Grafana and Prometheus together form the most popular open-source monitoring stack in the self-hosting world. Prometheus scrapes and stores time-series metrics. Grafana visualizes them with dashboards. Add node_exporter for host metrics, cAdvisor for Docker container metrics, and Alertmanager for notifications — and you have enterprise-grade monitoring for free.
Updated March 2026: Verified with latest Docker images and configurations.
This guide deploys the complete stack with a single docker compose up -d.
Prerequisites
- A Linux server (Ubuntu 22.04+ recommended)
- Docker and Docker Compose installed (guide)
- 2 GB of free RAM (minimum for all 5 services)
- 10 GB of free disk space (metrics storage)

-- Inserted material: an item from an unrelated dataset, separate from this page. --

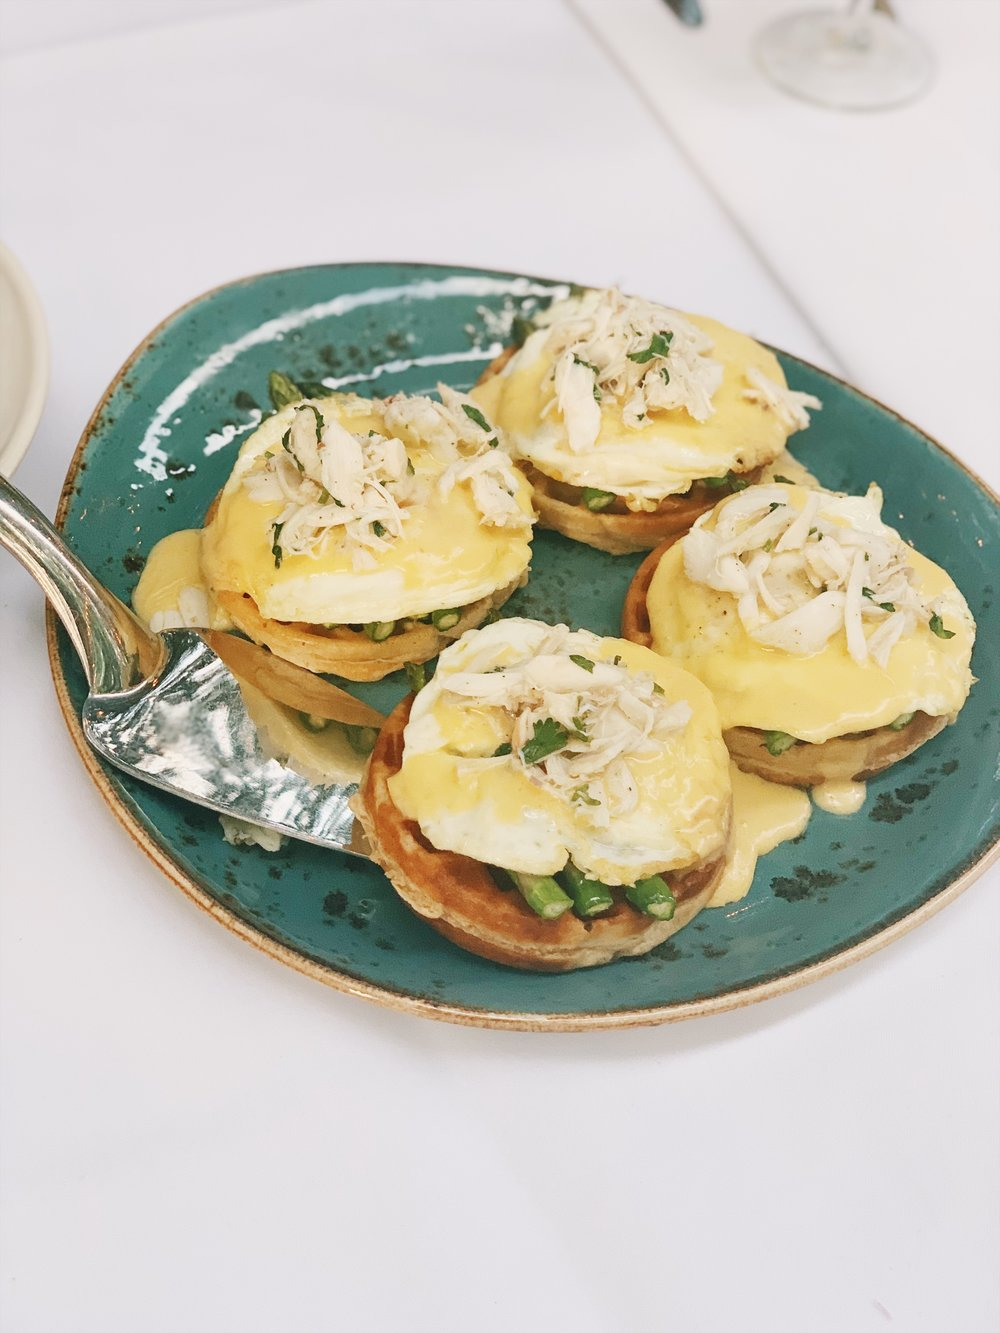 Kodiak Cake Buttermilk Waffle and Crab Oscar -
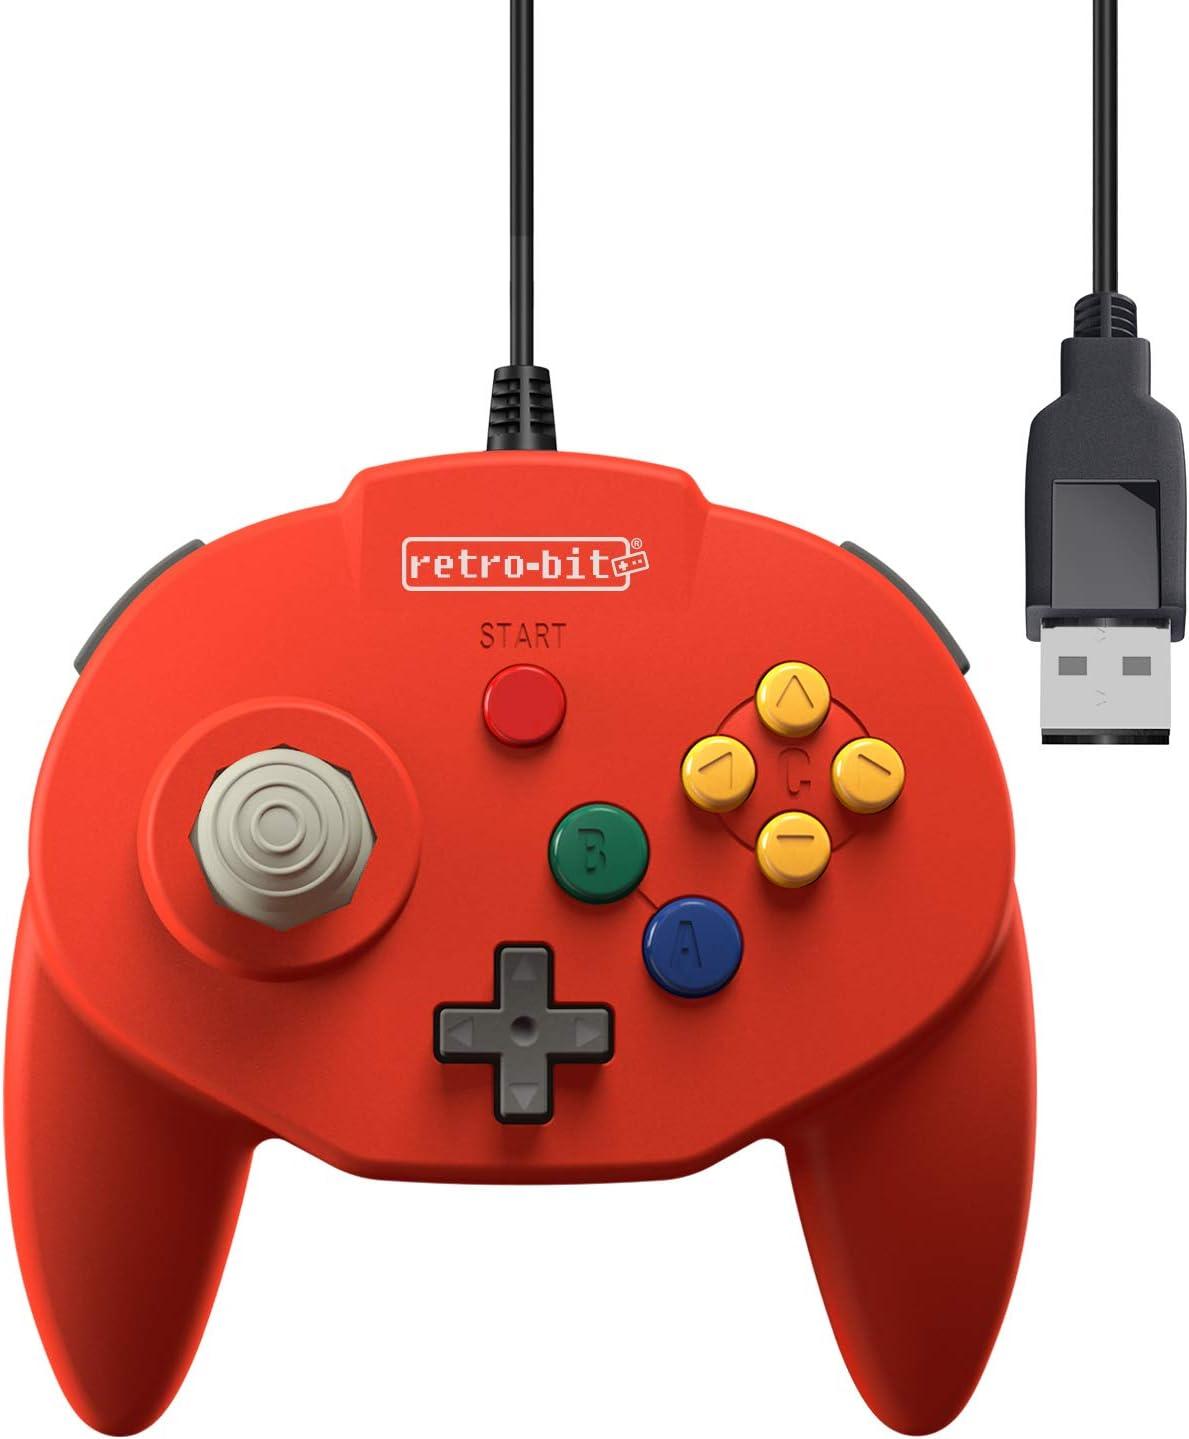 Retro-Bit Tribute 64 USB Controller for PC, Switch, Mac, Steam, RetroPie, Raspberry Pi - USB Port - (Red)

- Basic understanding of Docker networking
Architecture Overview
| Component | Role | Port |
|---|---|---|
| Prometheus | Metrics collection and storage | 9090 |
| Grafana | Dashboard visualization | 3000 |
| node_exporter | Host system metrics (CPU, RAM, disk) | 9100 |
| cAdvisor | Docker container metrics | 8080 |
| Alertmanager | Alert routing and notifications | 9093 |
Data flows in one direction: exporters → Prometheus → Grafana. Prometheus scrapes metrics from exporters at regular intervals and stores them. Grafana queries Prometheus to render dashboards. Alertmanager receives firing alerts from Prometheus and sends notifications.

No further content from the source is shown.